I just got back from getting my hair 'did'. I got blonde and maple colour put in it, and i also got a bit of bangs! They look fine if i have sunglasses on or my hair up, but when my hair's down.....I look a little bit like an alien. We're not sure exactly how we feel about this yet. We'll have to consult ourselves on the matter a little later on when the shock has worn off.
Went to TGH yesterday for rehab. So far this week i've had no appts! Next week I am attempting my G driving test again (hope all my fucking exterior lights are working!) and then the week after i have a meeting with the surgeon about the results of the scope i just had, and the day after I have PFTs.
I dunno how i feel about all this testing though to be honest. Each time i get a new test scheduled I feel like it's a set back and a step back. I dunno...somehow i have an inkling that i'm put on hold almost on the list until i get these appts done....like last week - hello! - i finally got over that hurdle, felt a little closer to the finish line and a little closer to transplantland, and bam, nope, sorry, you have 2 more appts. Please try again. Do not collect $200. Do not get lungs. Stay behind the tape. Don't forget to cough.

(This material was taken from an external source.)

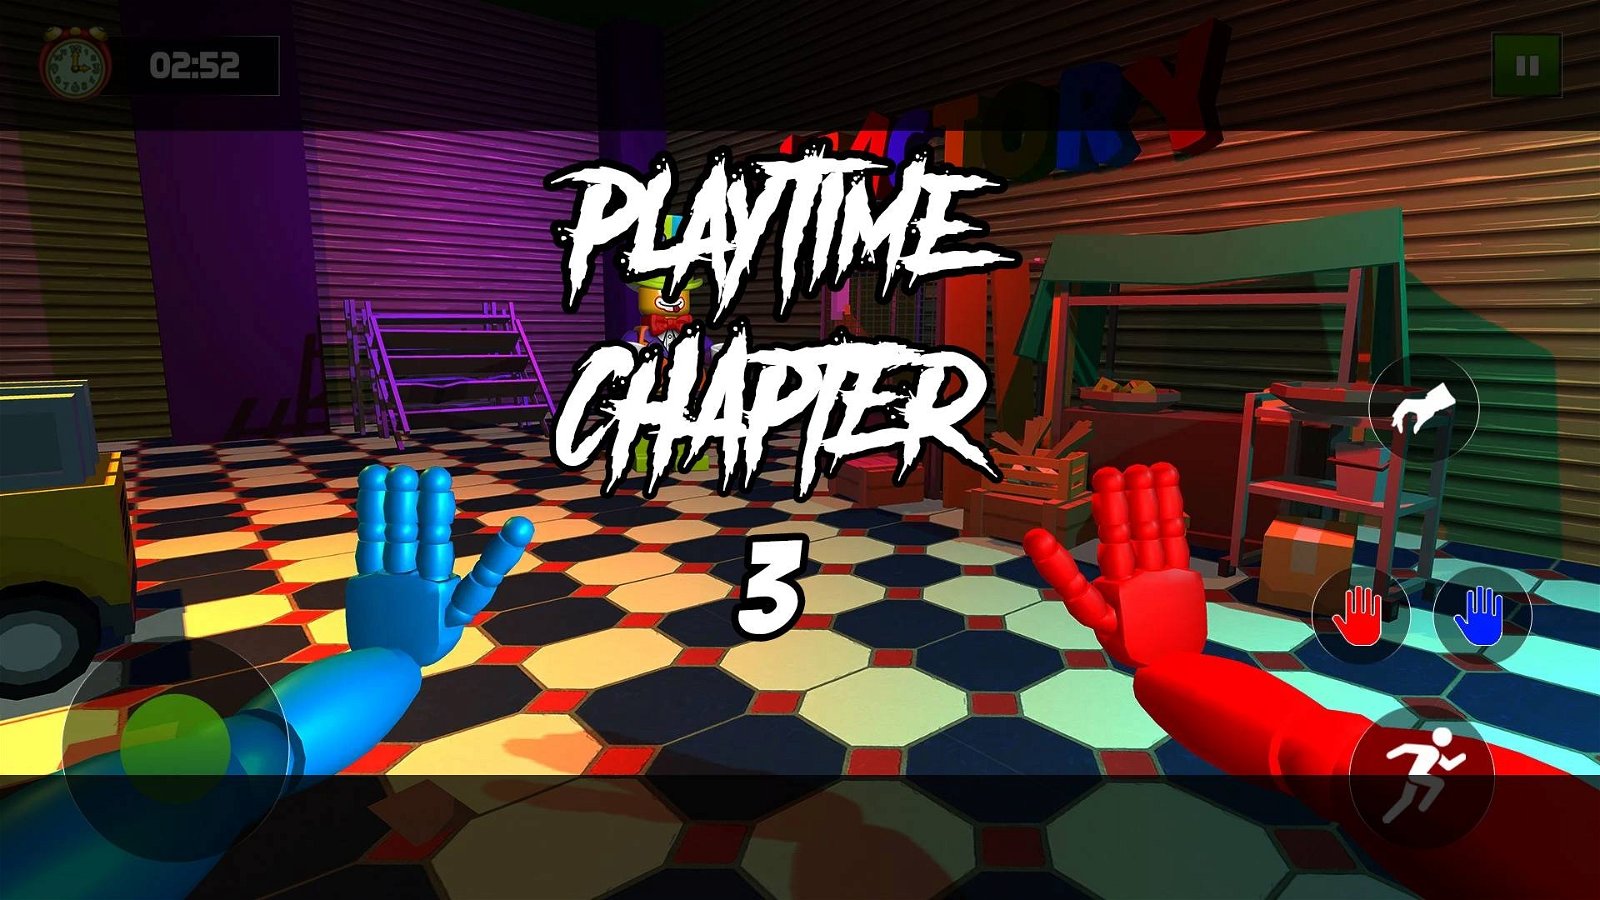 Pappy playtime Chapter 3

I dunno. Maybe i'm just a miserable sod but this waiting game and this constant testing is wearing me out and getting me down and i don't like it for a bit. There were 3 transplants done over the weekend at TGH and when all the Wednesday people saw me, they were bummed b/c they were hoping i had been one of them. But no. Maybe i'm just a horrible, selfish person. I dunno.
As it stands, in this very moment, in this very little space of time, I feel like it might not ever come. And when it does, I will have waited a very long time. I hope this is not the case and that i've just had too much time to think, but it sucks feeling this way.
I can't be the only one who feels this way, can I??